TITOLO: Mala Roma Criminale

AUTORE: Francesca Fagnani

EDITORESEM libri

PREZZOcartaceo 22,00 €

PAGINE: 230

Mala è un viaggio al termine della notte, la più accurata inchiesta sulla criminalità organizzata capitolina degli ultimi anni, che ha mostrato il mondo segreto dei veri padroni della città eterna e che presto approderà sugli schermi. Torna in libreria in questa nuova edizione, speciale e aggiornata, perché la guerra tra le bande continua ancora. In gioco, oggi come ieri, c’è la posta di sempre: prendersi Roma.

La pace è finita e ora le gang sono in guerra. Sotto il manto della grande bellezza, nel sottosuolo perso e dannato di Roma scorre un fiume di violenza. Sequestri, pestaggi, torture e omicidi si susseguono. Lo scontro infuria, invisibile agli occhi dei più.
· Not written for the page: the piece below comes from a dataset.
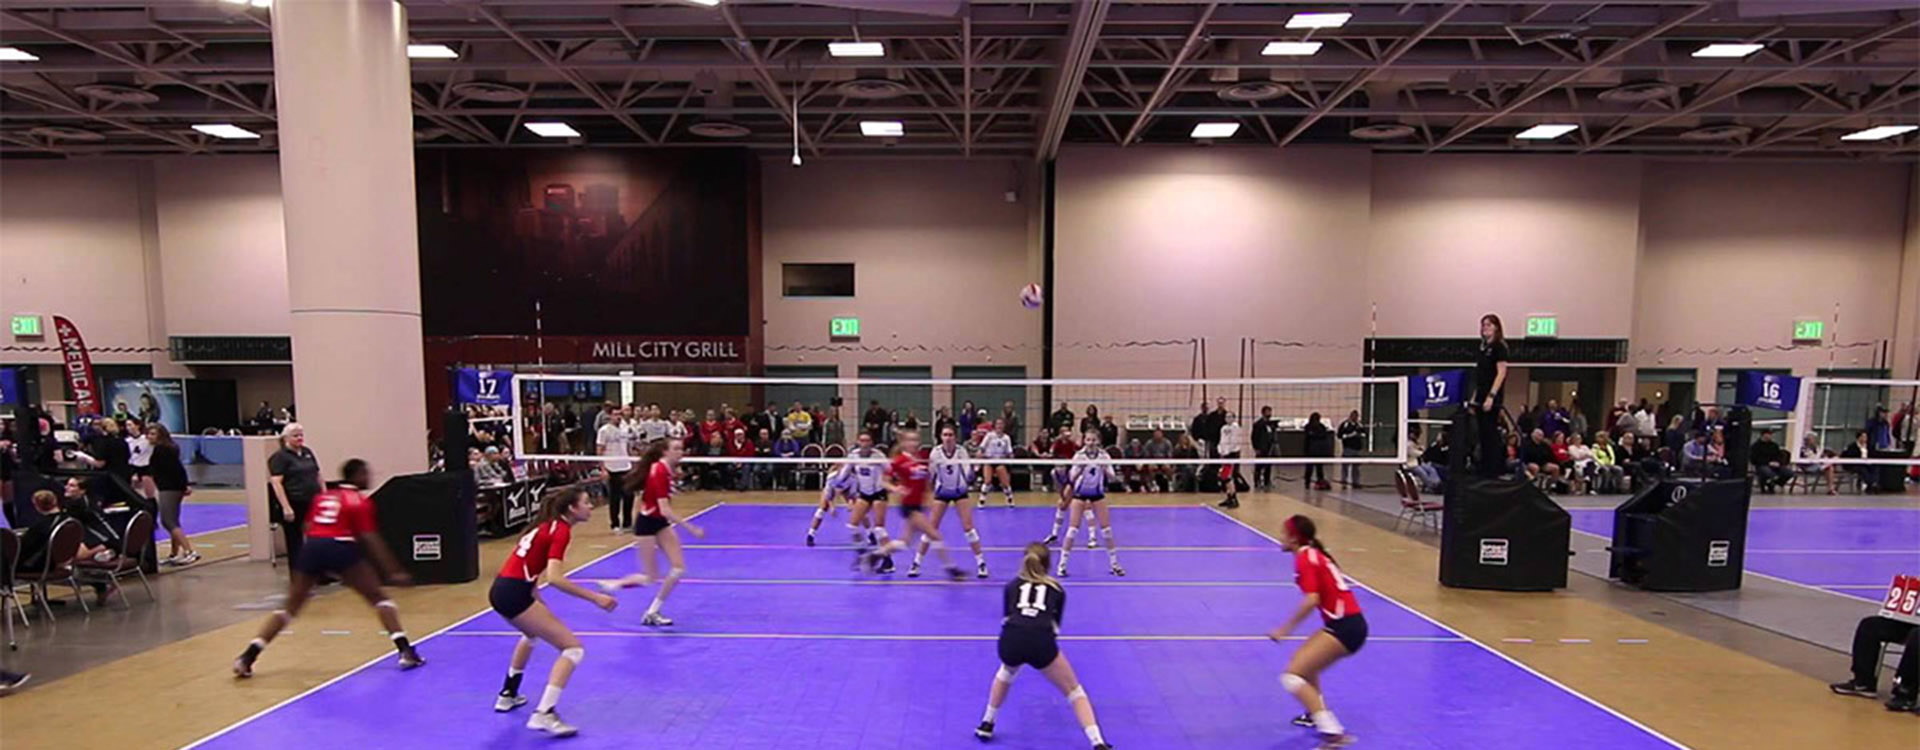 Volleyball Court-2

È così da quando, il 7 agosto 2019, Fabrizio Piscitelli detto Diabolik, capo degli Irriducibili della Lazio e ai vertici della “batteria di Ponte Milvio”, viene freddato da un sicario che gli spara alla testa, mentre se ne sta seduto su una panchina al parco degli Acquedotti. Ma Diabolik è solo la punta dell’iceberg di quella rete di organizzazioni criminali che governano sul territorio. Una connection tentacolare che comprende il cartello di Michele ’o Pazzo, la malavita storica e quella emergente, e poi il sodalizio, spietato e potente, degli albanesi, che sono cresciuti all’ombra di Piscitelli e sono diventati i Signori del narcotraffico.

Così, la vendetta è l’innesco di un conflitto senza quartiere per il controllo delle piazze di spaccio, dal litorale ostiense a Tor Bella Monaca. Un business gigantesco in cui tonnellate di coca muovono milioni. In queste pagine, voci urlano prima di spegnersi nel buio, armi sparano in pieno giorno, la droga invade le strade, i soldi si prestano a strozzo e i debiti si saldano sempre: a qualunque costo e spesso nel peggiore dei modi.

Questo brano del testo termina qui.